> Stored items from a collection:
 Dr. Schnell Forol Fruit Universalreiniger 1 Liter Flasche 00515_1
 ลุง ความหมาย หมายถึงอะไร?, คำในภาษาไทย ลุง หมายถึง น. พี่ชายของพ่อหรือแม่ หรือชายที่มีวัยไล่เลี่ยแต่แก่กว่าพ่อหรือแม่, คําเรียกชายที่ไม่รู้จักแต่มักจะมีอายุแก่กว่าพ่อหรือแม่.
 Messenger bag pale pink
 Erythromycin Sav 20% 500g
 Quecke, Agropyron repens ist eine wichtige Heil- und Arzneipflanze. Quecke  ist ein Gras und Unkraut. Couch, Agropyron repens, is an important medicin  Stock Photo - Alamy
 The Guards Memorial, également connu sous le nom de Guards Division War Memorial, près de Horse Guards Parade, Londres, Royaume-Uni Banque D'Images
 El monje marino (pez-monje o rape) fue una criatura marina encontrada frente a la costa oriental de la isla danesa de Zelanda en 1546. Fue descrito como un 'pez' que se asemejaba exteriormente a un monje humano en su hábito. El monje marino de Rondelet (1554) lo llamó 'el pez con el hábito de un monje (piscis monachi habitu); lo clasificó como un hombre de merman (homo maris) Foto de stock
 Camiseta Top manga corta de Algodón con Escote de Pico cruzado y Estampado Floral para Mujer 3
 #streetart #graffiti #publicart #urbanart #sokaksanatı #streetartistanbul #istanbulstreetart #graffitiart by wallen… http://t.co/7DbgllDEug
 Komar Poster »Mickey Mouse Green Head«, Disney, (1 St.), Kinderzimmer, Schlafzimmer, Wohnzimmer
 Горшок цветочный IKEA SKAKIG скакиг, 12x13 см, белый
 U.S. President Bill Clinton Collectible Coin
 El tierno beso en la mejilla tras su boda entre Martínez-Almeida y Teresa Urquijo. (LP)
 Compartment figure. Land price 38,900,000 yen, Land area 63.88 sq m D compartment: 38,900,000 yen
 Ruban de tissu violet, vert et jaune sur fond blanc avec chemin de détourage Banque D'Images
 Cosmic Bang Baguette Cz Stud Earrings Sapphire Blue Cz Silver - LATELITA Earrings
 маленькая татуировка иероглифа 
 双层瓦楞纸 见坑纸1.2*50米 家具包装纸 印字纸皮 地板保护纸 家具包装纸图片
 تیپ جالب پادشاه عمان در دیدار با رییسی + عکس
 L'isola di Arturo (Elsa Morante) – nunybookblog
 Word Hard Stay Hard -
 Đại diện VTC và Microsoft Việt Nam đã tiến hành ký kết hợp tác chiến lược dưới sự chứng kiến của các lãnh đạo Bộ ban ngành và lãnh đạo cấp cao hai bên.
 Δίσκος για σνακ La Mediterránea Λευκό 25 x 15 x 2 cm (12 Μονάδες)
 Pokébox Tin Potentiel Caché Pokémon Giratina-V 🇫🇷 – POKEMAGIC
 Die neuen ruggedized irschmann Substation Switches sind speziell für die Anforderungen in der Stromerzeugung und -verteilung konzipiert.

> Task objective:
Transcribe exactly, and only, the lines from the one bearing "Word Hard Stay" through the last line of the entries, counting both.

> Solution to the exercise:
 Word Hard Stay Hard -
 Đại diện VTC và Microsoft Việt Nam đã tiến hành ký kết hợp tác chiến lược dưới sự chứng kiến của các lãnh đạo Bộ ban ngành và lãnh đạo cấp cao hai bên.
 Δίσκος για σνακ La Mediterránea Λευκό 25 x 15 x 2 cm (12 Μονάδες)
 Pokébox Tin Potentiel Caché Pokémon Giratina-V 🇫🇷 – POKEMAGIC
 Die neuen ruggedized irschmann Substation Switches sind speziell für die Anforderungen in der Stromerzeugung und -verteilung konzipiert.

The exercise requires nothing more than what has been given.